Here and there in the shadowy woods is a vivid dash of color made by some wild red lily which has caught a stray sunbeam in its glowing cup. The purple spots on its sepals guide the greedy bee to the nectar at their base; we too can take the hint and reap a sweet reward if we will, after which we are more in sympathy with those eager, humming bees.
This erect, deep-hued flower is so different from its nodding sister of the meadows, that we wonder that the two should be so often confused. When seen away from its surroundings it has less charm perhaps than either the yellow or the Turk’s cap lily; but when it rears itself in the cool depths of its woodland home we feel the uniqueness of its beauty.
Turk’s Cap Lily.
Lilium superbum. Lily Family.
Stem.—Three to seven feet high. Leaves.—Lance-shaped, the lower whorled. Flowers.—Orange or scarlet, with purple spots within, three inches long, from three to forty growing in pyramidal clusters. Perianth.—Of six strongly recurved sepals. Stamens.—Six, with long anthers.

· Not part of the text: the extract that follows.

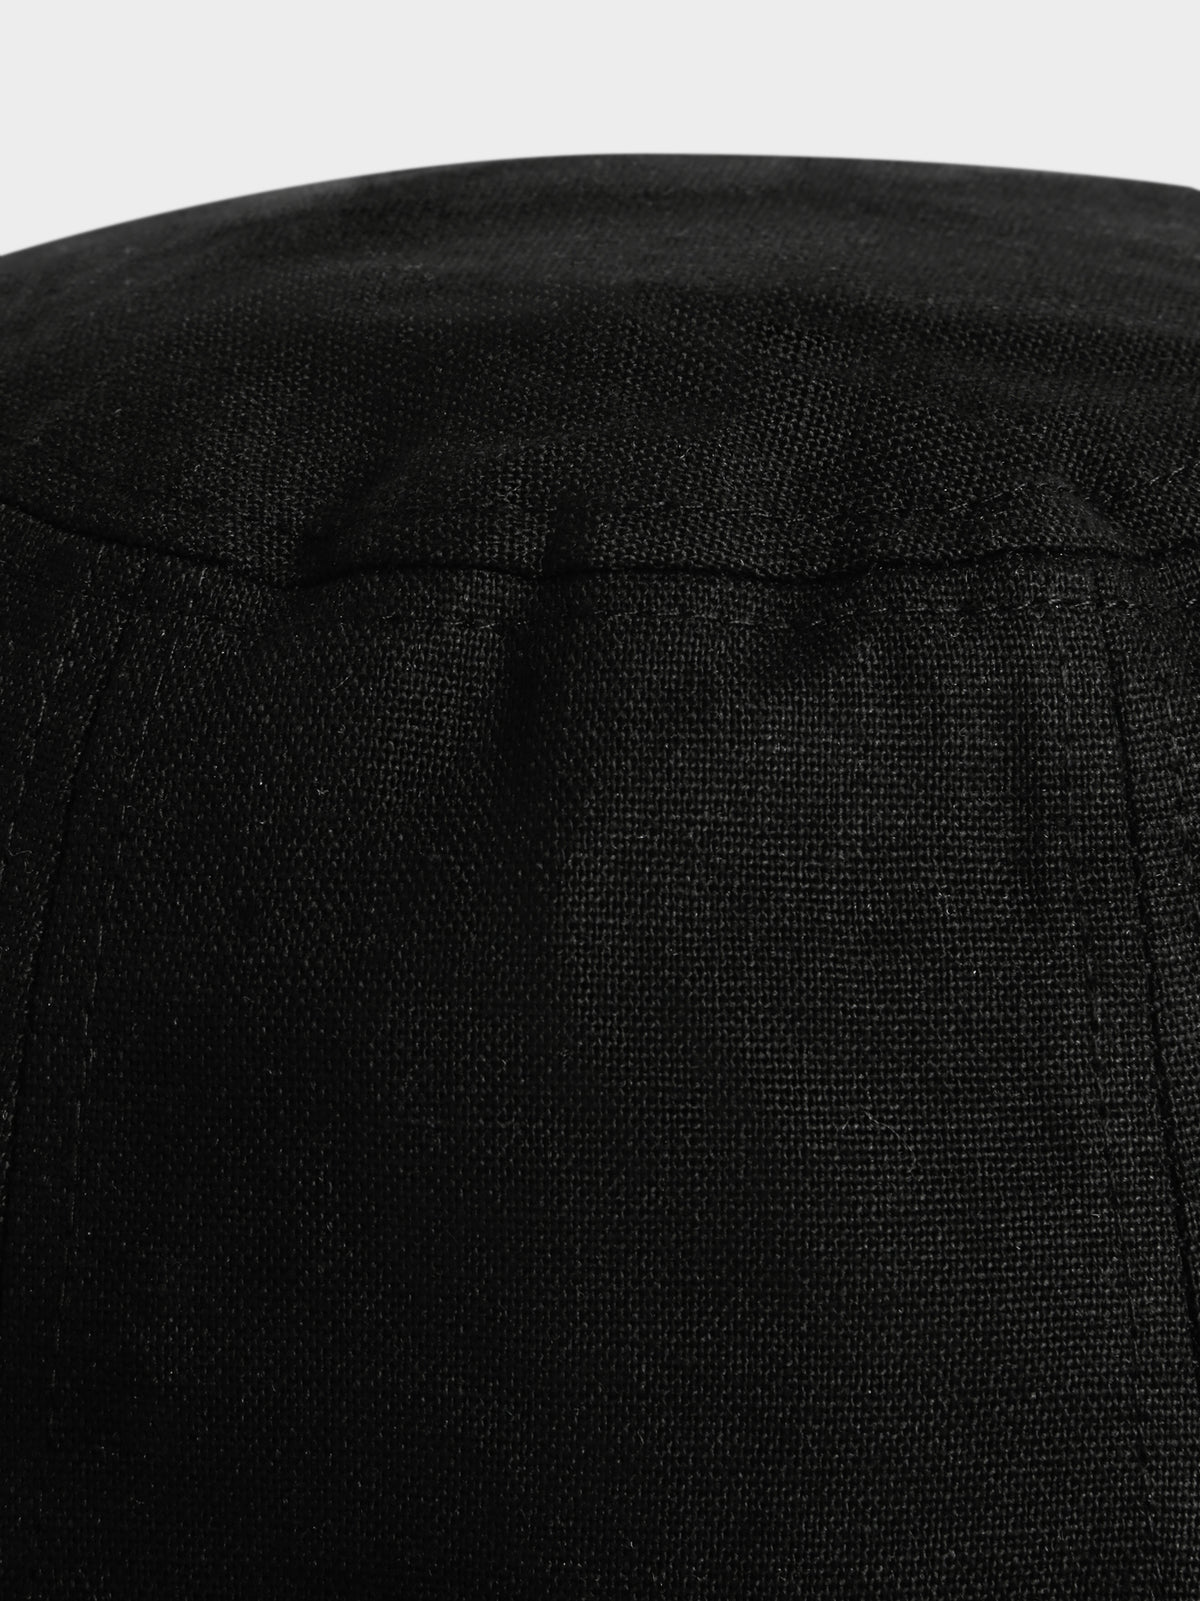 Leroy Bucket Hat in Black

Pistil.—One, with a three-lobed stigma.
Consider the lilies of the field, how they grow;
They toil not, neither do they spin;
And yet I say unto you, that even Solomon in all his glory
Was not arrayed like one of these.
How they come back to us, the beautiful hackneyed lines, and flash into our memories with new significance of meaning when we chance suddenly upon a meadow bordered with these the most gorgeous of our wild flowers.
We might doubt whether our native lilies at all resembled those alluded to in the scriptural passage, if we did not know that a nearly allied species grew abundantly in Palestine; for we have reason to believe that lily was a title freely applied by many Oriental poets to any beautiful flower.